After 40 minutes of vigourous cycling with some uphill sections and lots of traffic we were hungry and ready to eat and the menu of Odessa Mama promised to feed us well. We decided upon Solyanka soup, and a kind of chicken parcel in chicken skin as starters, and then some pelmeni dumplings and that world renowned classic: the chicken kiev, as main courses. We just chose German beer and fizzy water for drinks as there were no Ukrainian options. After deciding on our food we waited, and waited and waited…


Pelmeni with homemade mustard and sour cream

At least 20 minutes later our order was finally taken by a camp sailor-suited waitress, and then it was another 10-15 minutes before any drinks arrived.

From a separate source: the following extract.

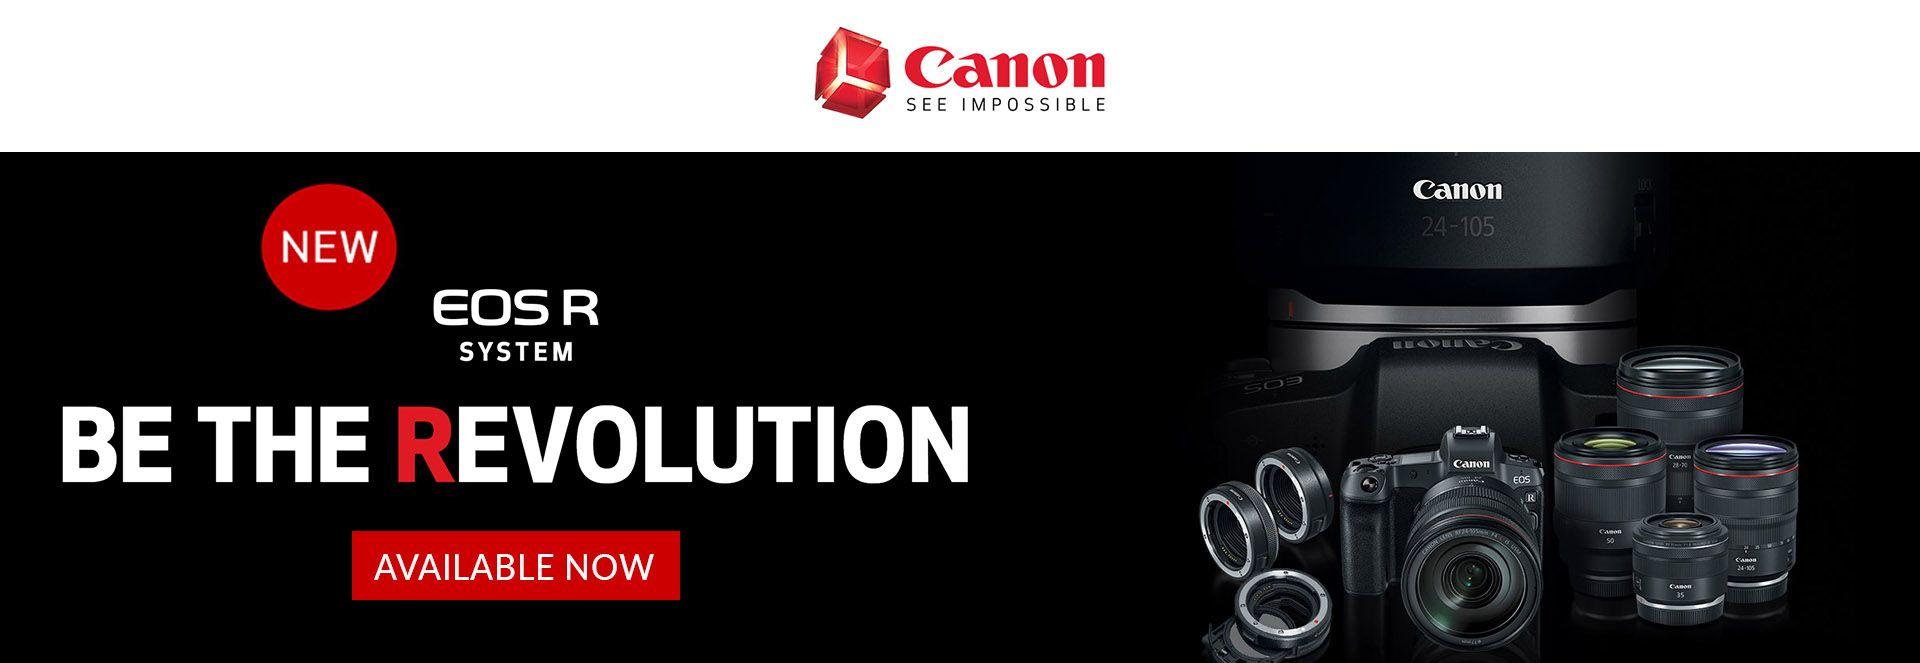 Canon See Impossible Logo - Buy DSLR & Professional Camera Equipment. Camera Shop NY

Had this not been a blog mission we would have given up there and then and gone elsewhere but instead we stayed and we waited for what seemed like an eternity in the strange dining room which was decorated as if a cruise ship had collided with a Ukranian farmhouse. In one corner was a giant TV screen showing music videos with the sound turned off but at some point during our wait, two men came in, turned the sound on and put on a DVD of Das Zigeunerlager zieht in den Himmel” (the gypsy camp moves to the sky) but they failed to press ‘start’ so we had 20 minutes of the title page and it’s strange music on loop over and over and over again while we waited and waited and waited. By this point we thought perhaps we might be tripping or someone is playing a cruel trick on us.

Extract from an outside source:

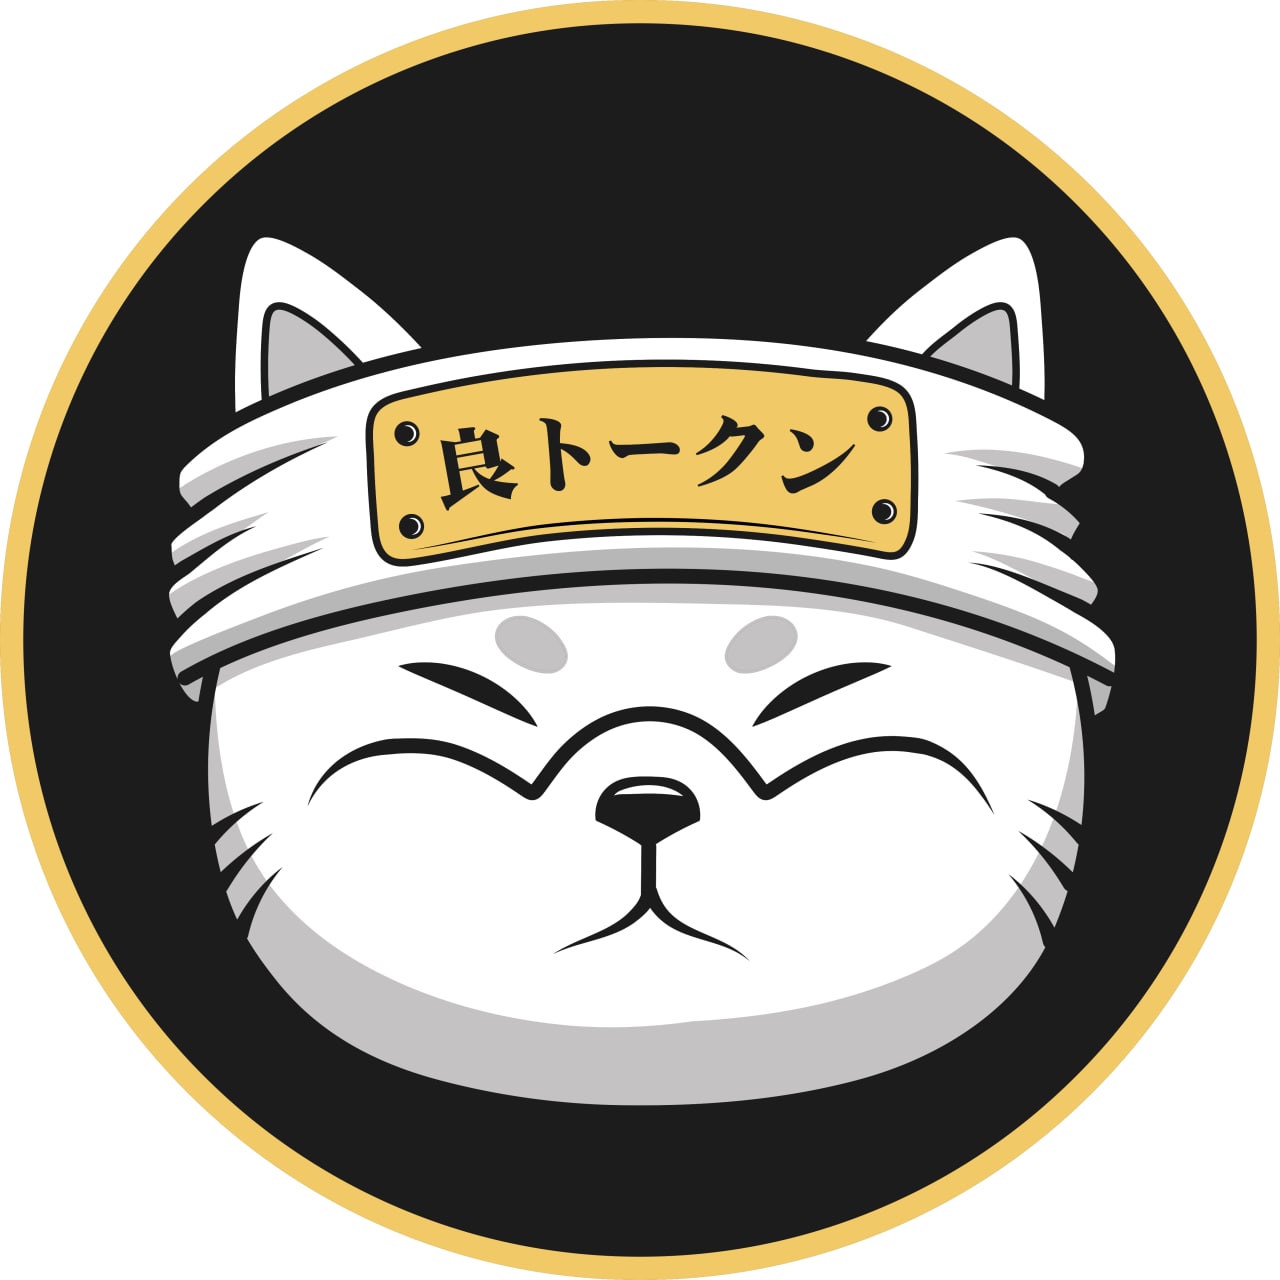 Ryoshi logo

Solyanka soup with meat, and a chicken parcel (topsy turvey starters)

Our descent into madness was aided by the arrival of the food: the main courses! Hurrah! But what about the starters? We asked the waitress who checked the order, nodded nonchalently, shrugged her shoulders and went off to tell the kitchen. Puzzled, we took refuge in the food that had arrived as by this time we were starving. The food seemed tasty and came in good portions but we would have enjoyed anything at this point. After finishing the mains, the waitress told us the starters were ‘on their way’ – cue another 25 minute wait by which time the main event; Das Zigeuner… was playing. A wonderful Ostblock creation from the 1970s with exotic gypsies singing, dancing, fighting and making love against a green-screen background. By this point we agreed we were definitely tripping.


Run for your lives, don’t look back…

When the starters arrived (again tasty, but who knows?!) we dispatched them quickly and swiftly asked for the bill. No apologies or explanations or free drinks were offered and we paid as soon as it arrived, left a mildly insulting tip and got the hell outta there cycling back to Neukolln, later than expected, quite full and mildly bemused.